--- TASK PROMPT ---
Use the entries below and reproduce exactly the lines from the one containing "The Powerbroker Privileged" down to the one containing "Coloriage Anti Stress", both of them included.

--- RECORDS PROVIDED ---
========
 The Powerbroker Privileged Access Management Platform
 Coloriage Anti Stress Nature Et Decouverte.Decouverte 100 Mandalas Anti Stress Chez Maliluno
========
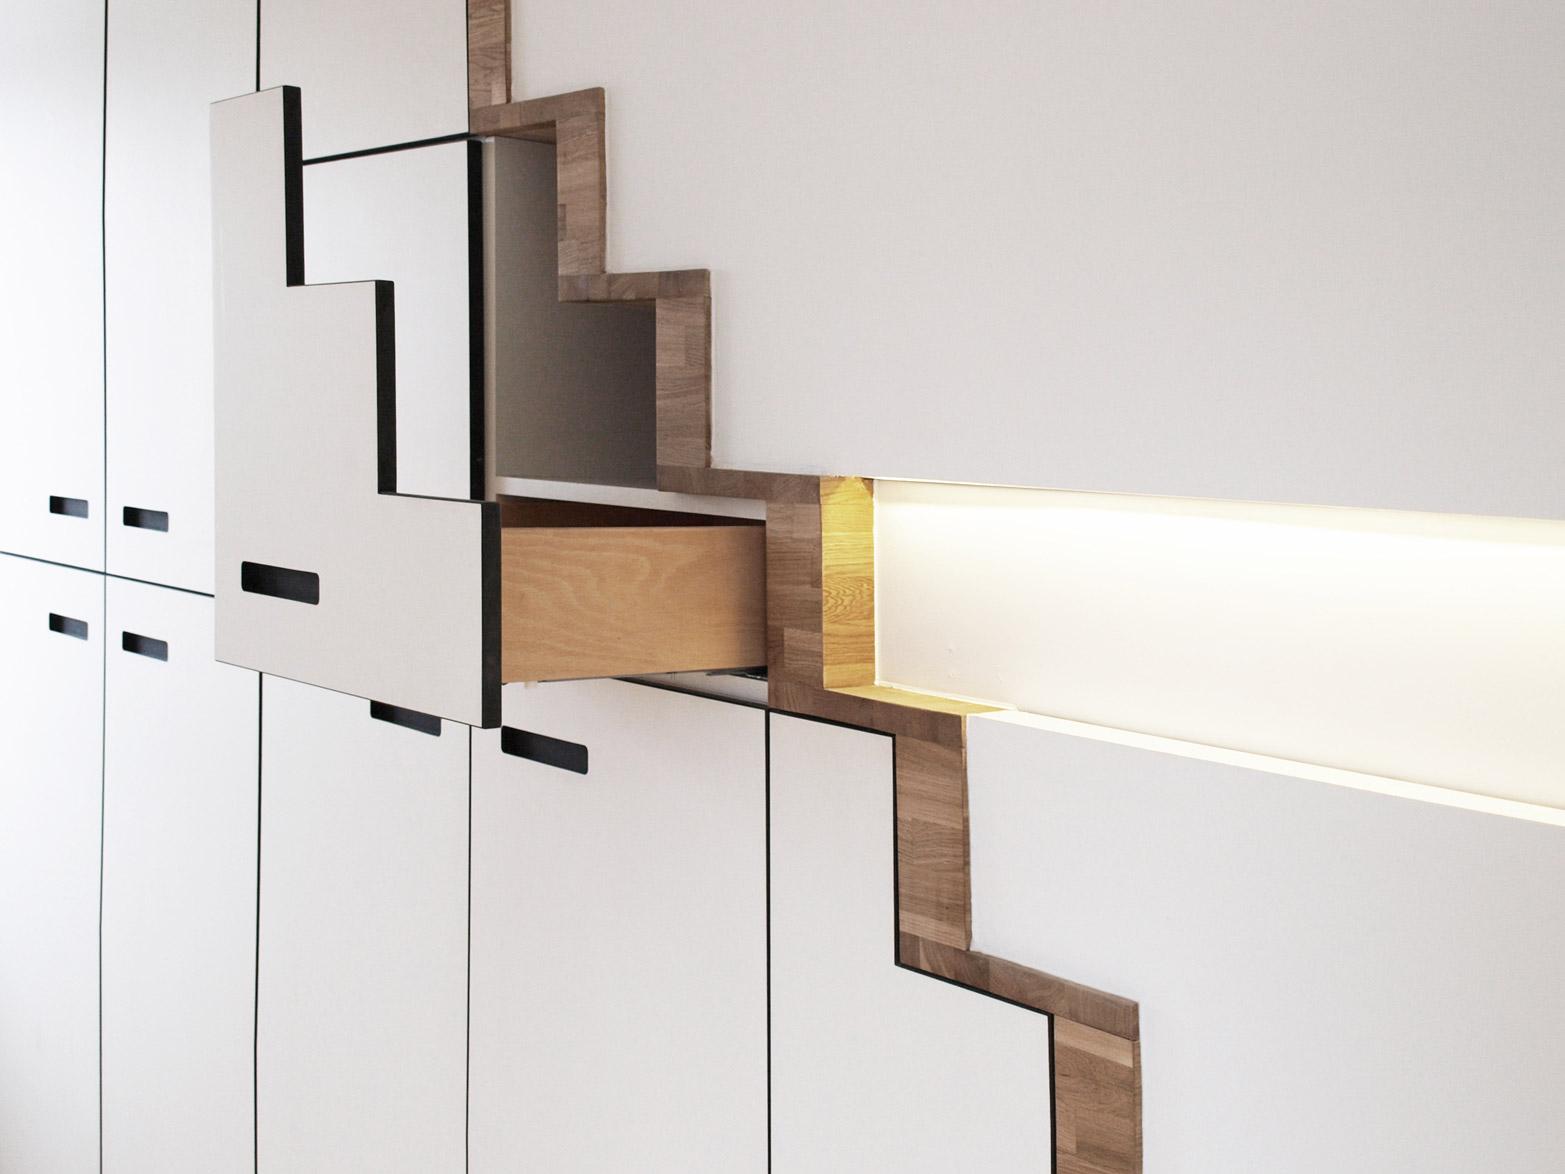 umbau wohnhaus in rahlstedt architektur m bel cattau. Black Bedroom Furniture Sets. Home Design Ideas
========
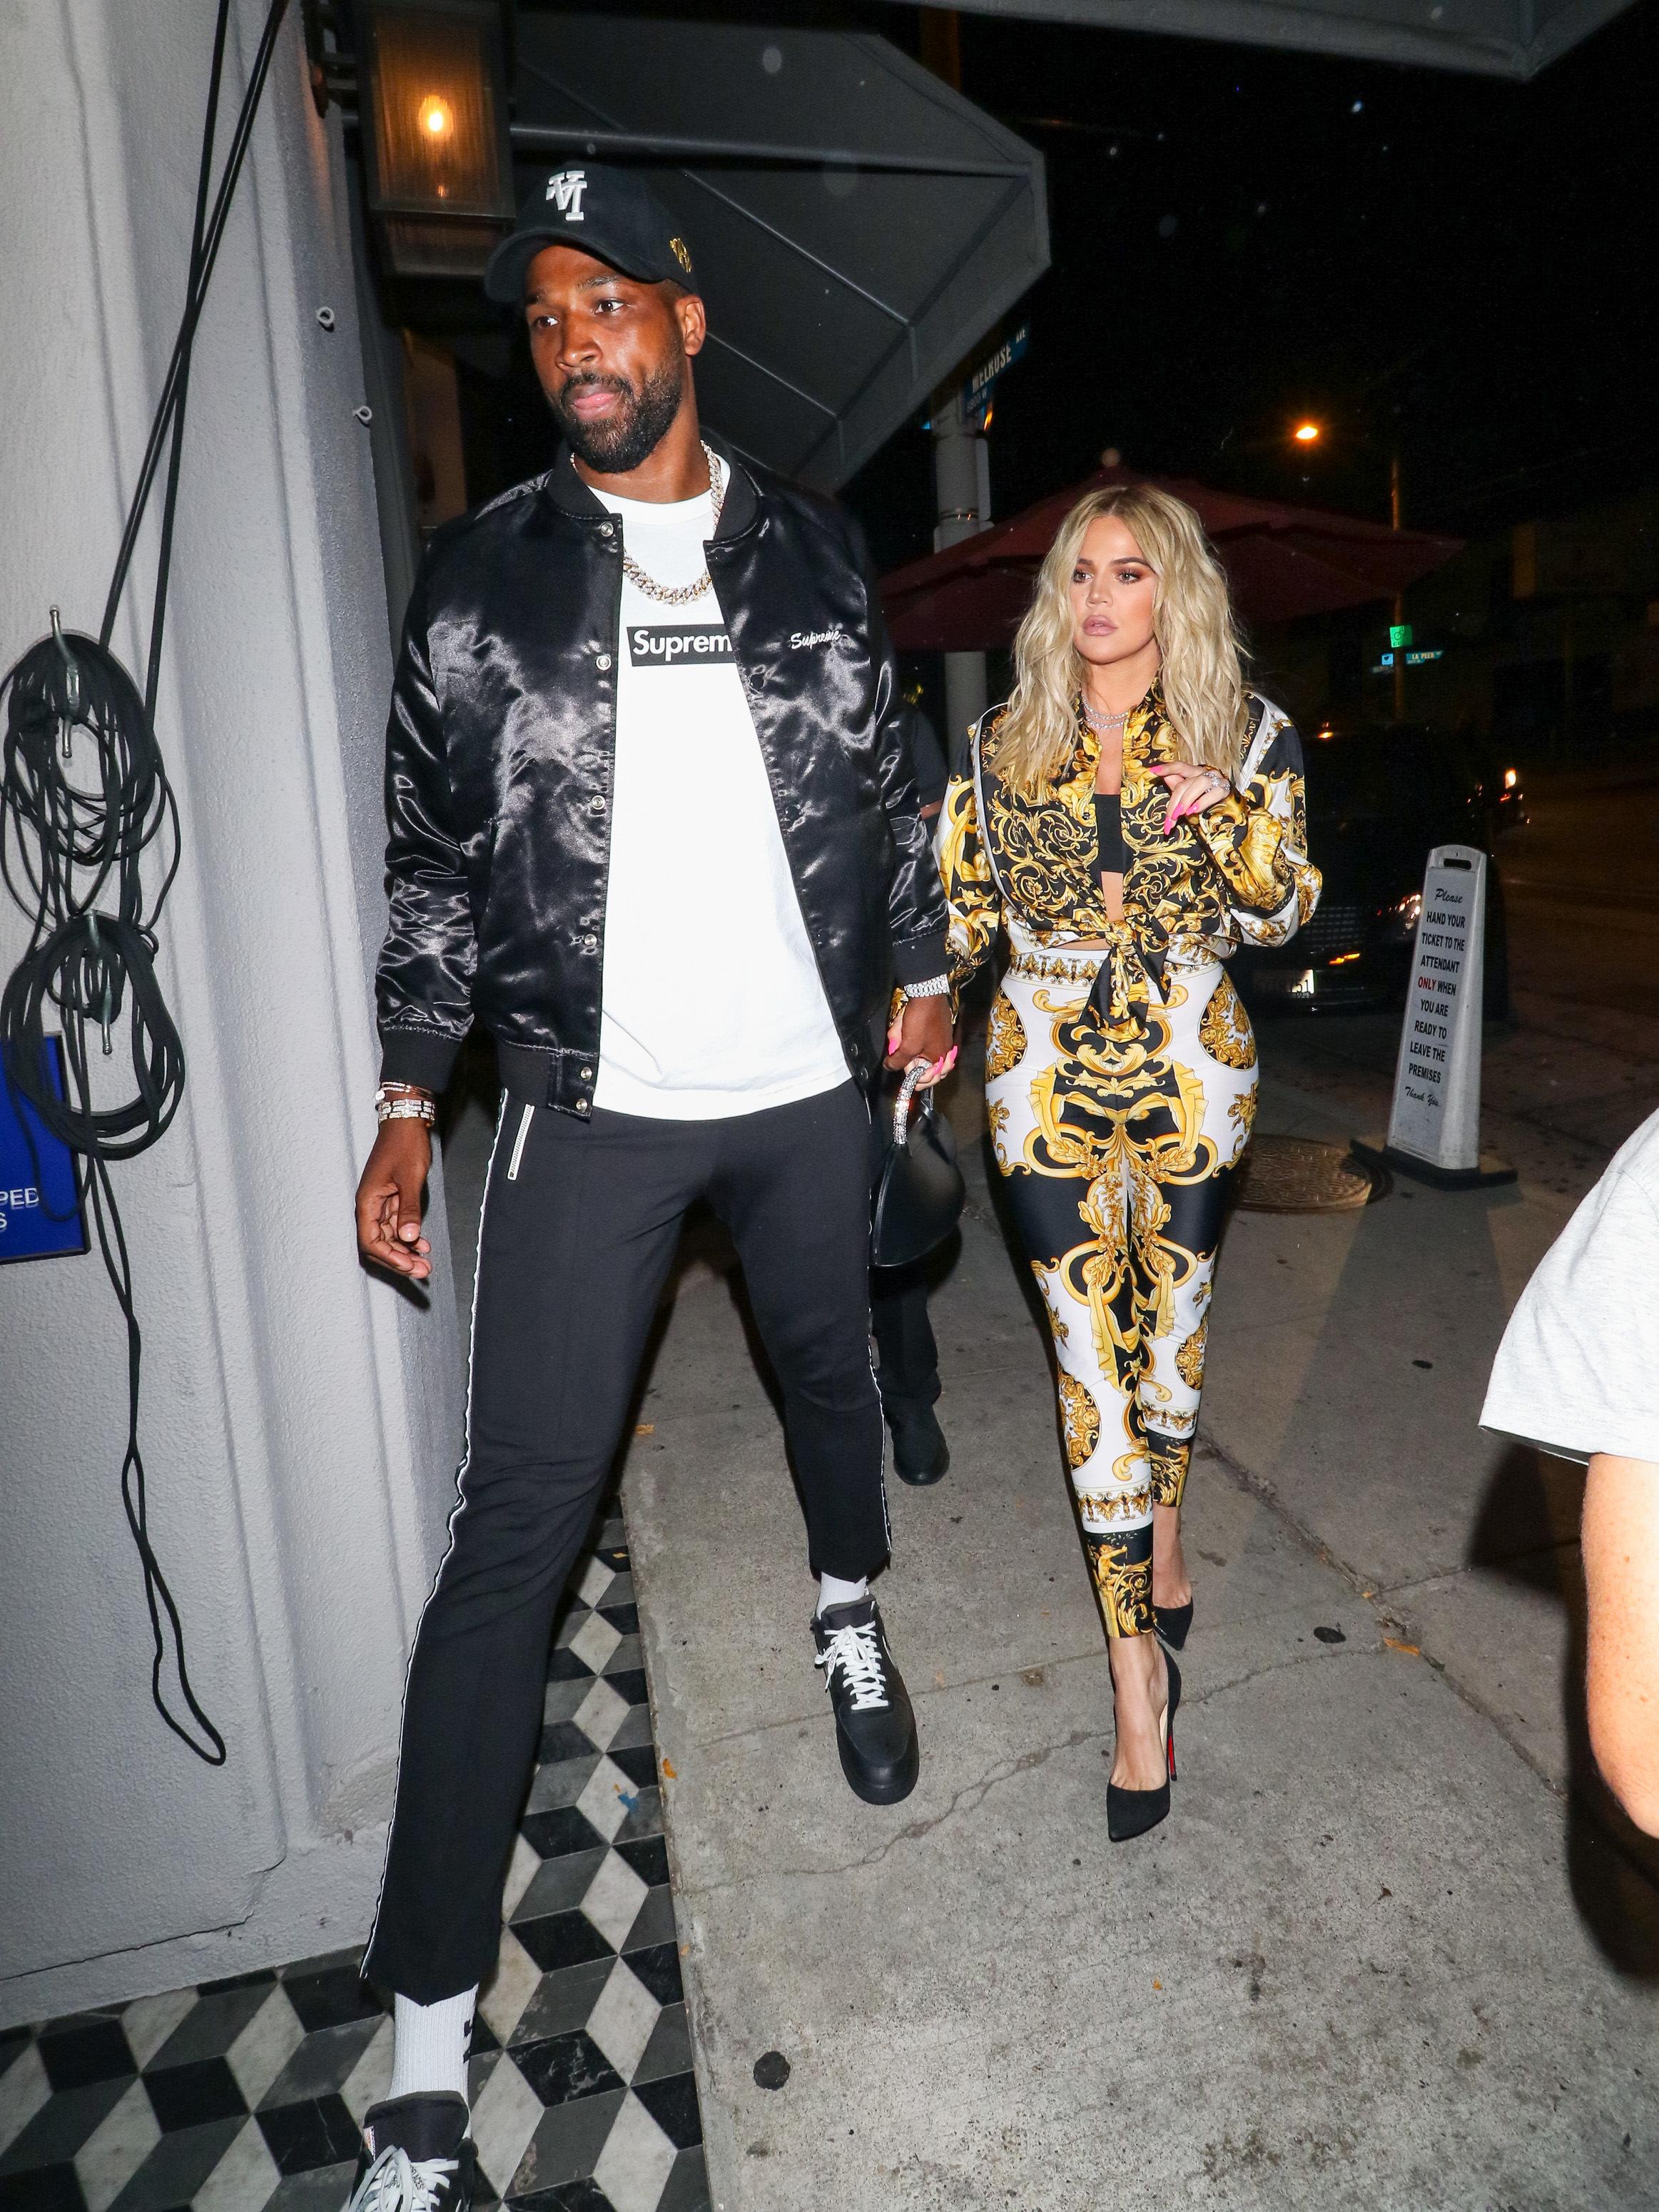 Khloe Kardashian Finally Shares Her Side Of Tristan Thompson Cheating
========
--- ANSWER BOX ---
 The Powerbroker Privileged Access Management Platform
 Coloriage Anti Stress Nature Et Decouverte.Decouverte 100 Mandalas Anti Stress Chez Maliluno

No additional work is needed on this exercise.